Шло время, но дело Мальвиля так и не получило широкой огласки. Мария спрашивала себя, не сослужила ли она, устроив побег Габриэля Мальвиля, добрую службу кардиналу. Казнь Мальвиля, последовавшая сразу же за расправой с Марьяком, могла окончательно восстановить знать против первого министра. Последовавшие за этим события показали, что на этот счет Мария ошибалась.
Королева-мать продолжала метать громы и молнии из Брюсселя. Гастон во всем поддерживал мать. Он все еще находился в Лорене, где был занят формированием армии иностранных наемников, поддерживая постоянные контакты с герцогом Монморанси, правителем Лангедока, другом Гастона Орлеанского, ненавидевшим кардинала, хотя прежде ему служил. Противник де Шевреза едва прислушивался к своей юной супруге Марии-Фелиции Орсини, римской принцессе, всем своим сердцем обожавшей королеву-мать и даже Анну Австрийскую, хотя и знала, что ее супруг все еще влюблен в нее.
Безопасный, как казалось поначалу, обмен посланиями обернулся угрозой – даже двойной – ниспровержения государственных устоев: брат короля, герцог Орлеанский, со своими наемниками вторгся через границу, и в то же время Монморанси, присвоив земли Лангедока, объявил королю войну от имени его брата. Он-то и представлял собой опасность.
Король сделал по-настоящему сильный ход, двинувшись именно против него, давая тем самым знак брату, в порыве храбрости добравшемуся до Дижона и по пути проповедовавшему бунт против Людовика, правда, безрезультатно. Столица Бургундии и вовсе захлопнула перед его носом входные ворота. Герцог Орлеанский вынужден был убраться, так и не получив никакой поддержки. Но на юте, где он был всеобщим любимцем, продолжал свое шествие Монморанси. И в очередной раз король оседлал коня и покинул Париж, за ним последовала королева и ее окружение, а значит, и Мария.
Как только та узнала, что предстоит отъезд, она тут же вернулась в Париж из Лезиньи. Именно туда через Эрмину она и направила Мальвиля, полагая, что там ему будет безопаснее, чем в любом из замков де Шеврезов, поскольку этот замок отныне принадлежал ее сыну Люину. К тому же он был ближе, и наконец там был мэтр Базилио, на которого всегда можно было рассчитывать. Как никто другой, маг умел поднять дух Габриэля, беспокоившего Эрмину.
– Он говорит, госпожа герцогиня, лучше бы ему было умереть, чем быть изгнанным из мушкетеров! – утверждала она.
– Неплохое признание, по правде сказать, а мы столько сил приложили, чтобы спасти его, но меня это не удивляет. Он такой же эгоист, как и все мужчины!
– О, кузина, не будьте такой черствой! Из-за вас он и попал в эти неприятности, вспомните! Такой мужчина, как он, не может всю жизнь довольствоваться лишь тем, что прогуливаться в саду.
– Какой «такой мужчина»? Что ты этим хочешь сказать?
Эрмина смутилась, покраснела, буркнула что-то – Мария смогла разобрать только лестные эпитеты «храбрый» да «отважное сердце». Из чего заключила, что Эрмина влюбилась в мужчину едва ли не вдвое старше ее возрастом. Марии к тому же было известно, что Мальвиль отдавал предпочтение пышным зрелым женщинам вроде Эглантины, хозяйки заведения под названием «Цветущая Лоза» с улицы Нонэн-д'Эрес, где и проживал. И она решила посмотреть сама, что происходит со столь непредсказуемым мужчиной, как Габриэль Мальвиль.
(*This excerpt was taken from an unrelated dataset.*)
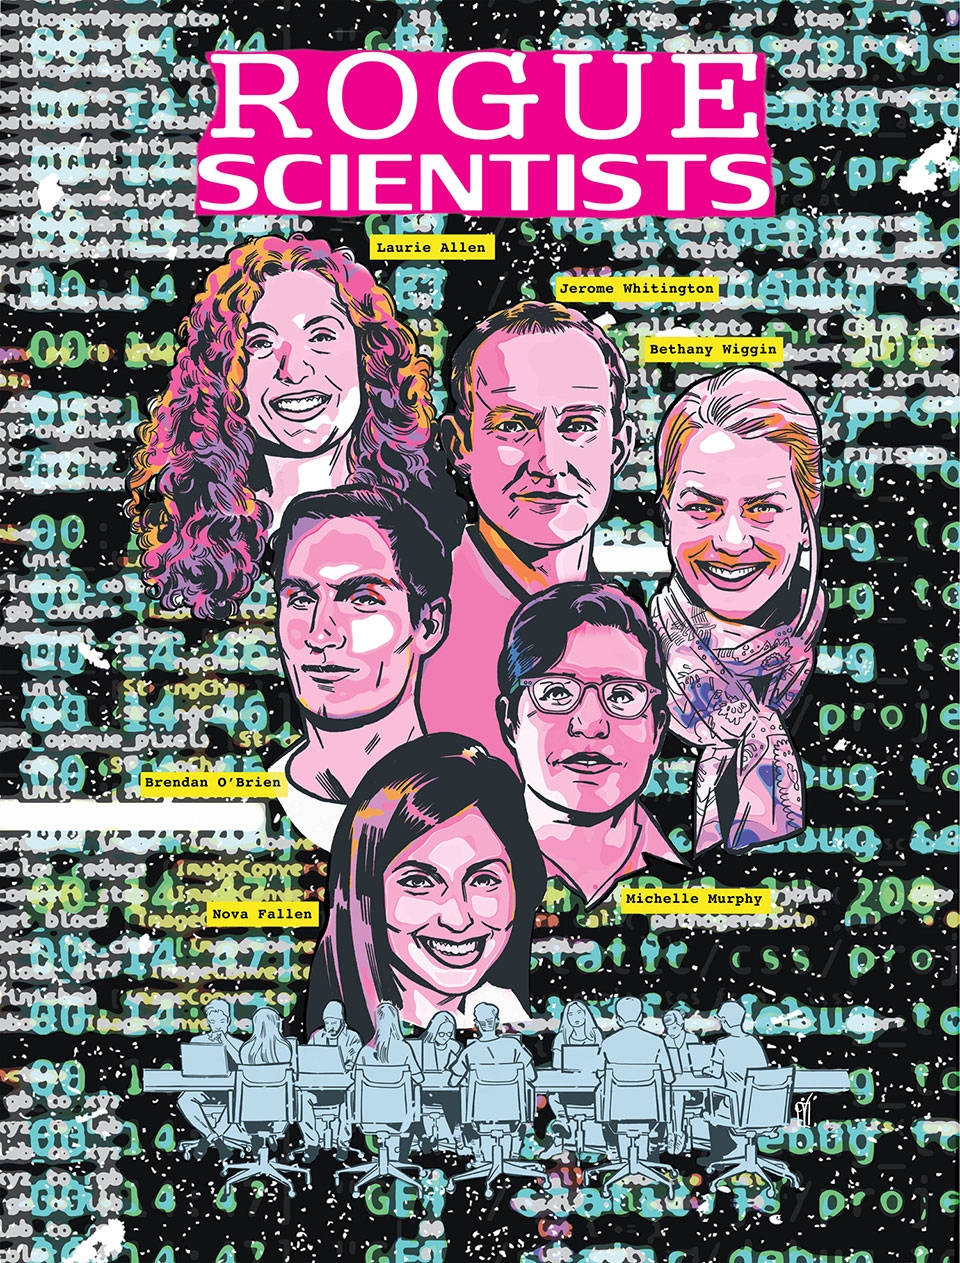 Rogue Scientists who saved environmental data. Artwork by Valentine DeLandro
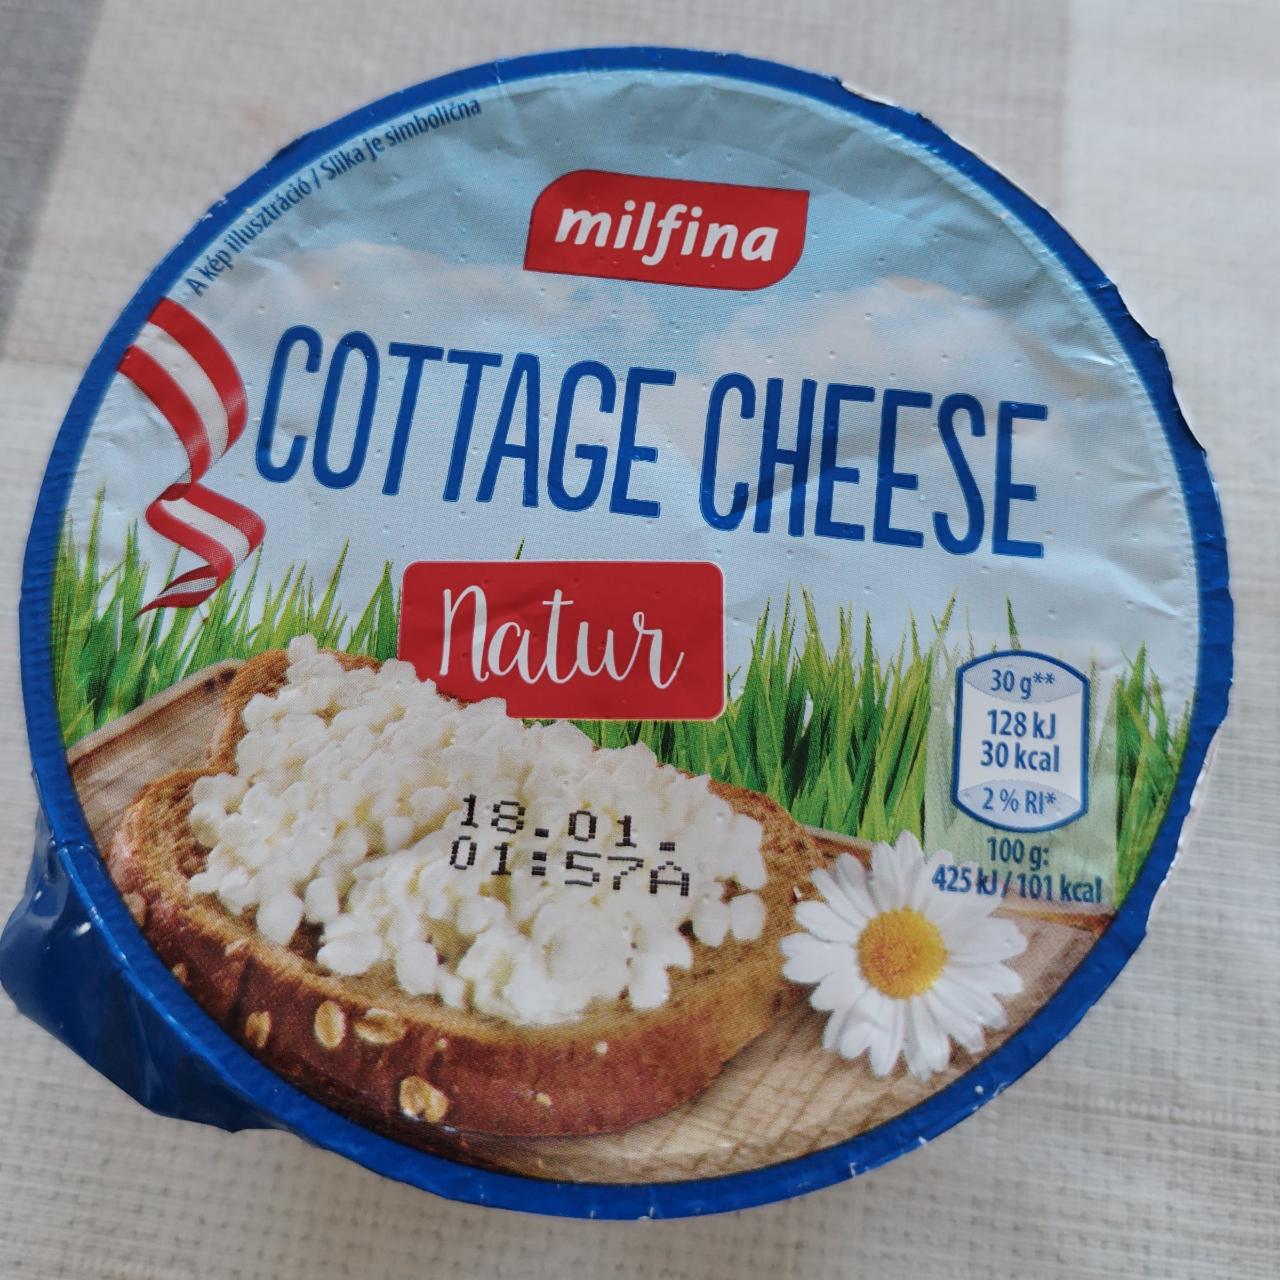 Fotografie - Cottage cheese Natur Milfina

Оставив Эрмину дома, Мария в сопровождении одного лишь Перана отправилась в зеленой карете без гербов в «Цветущую Лозу», чтобы прихватить с собою верного слугу Мальвиля Понса по прозвищу Тумак. Он уже отчаялся увидеть своего хозяина, так же как и любезная Эглантина, знавшая, но так и не раскрывшая ему тайну убежища своего любовника. Она пока довольствовалась смутным обещанием пусть и на отдаленное, но все же воссоединение с Габриэлем. В Лезиньи она увидела Мальвиля таким, как Эрмина его и обрисовывала. Развалившись в кресле у камина и закинув ноги на подставку для дров, Габриэль занимался тем, что опустошал бутылки бургундского. Неожиданное появление Марии заставило его подняться на ноги и привести в порядок расстегнутую куртку, но она не дала ему открыть рот:
– Черт вас побери, Мальвиль! Это все, чем вы можете себя занять? Постарайтесь протрезветь!
– Здесь та же неволя, как и везде, госпожа герцогиня, и поскольку я не знаю, что мне делать с самим собой… Но позвольте сначала мне поблагодарить вас за все, что вы для меня сделали!
– Вот то, что я называю пустой вежливостью! Мне сообщили, что вы сожалеете о мече палача? А ведь я знавала вас и более отважным!
– С чем я не могу больше сражаться, так это со скукой. Король отправился на войну, а с ним и его мушкетеры… А я торчу здесь!
– Откуда вам известны все эти новости?
– Вчера меня заезжал проведать Арамис, ему всегда все известно.
– Хороший друг, но лучше было бы ему этого не делать. Что же касается вас, я ничего не буду иметь против, если вы опустошите весь мой винный погреб, лишь бы вы не теряли при этом достоинства. Хотя вы могли бы развлечься и чем-нибудь иным: поохотились бы, к примеру, или же попросили бы Базилио составить ваш гороскоп, принести вам книги. Если я правильно помню, когда-то вам нравилось читать?
… – Мой гороскоп почти готов. Похоже, это было не так уж и сложно, а теперь Базилио отправился в соседнюю деревушку лечить лесоруба, который поранил себе ногу.
– Послушайте! Я понимаю, что жизнь, которую вы вынуждены теперь вести, вам неинтересна, но нужно потерпеть. Маркиз де Шатонеф – хранитель печати – мой друг, и я надеюсь поставить его на место ненавистного Ришелье. И вы, я вам обещаю, вновь станете мушкетером…
– И какому королю я буду служить? Его высочеству герцогу Орлеанскому?
– Нет, Людовик останется на престоле. Речь идет лишь о кардинале, а не о его брюзгливом величестве, по крайней мере до тех пор, пока у королевы не родится ребенок. Так что я вам приказываю – начинайте немедленно радоваться жизни! Кстати, как вы находите младшую мою кузину Ленонкур?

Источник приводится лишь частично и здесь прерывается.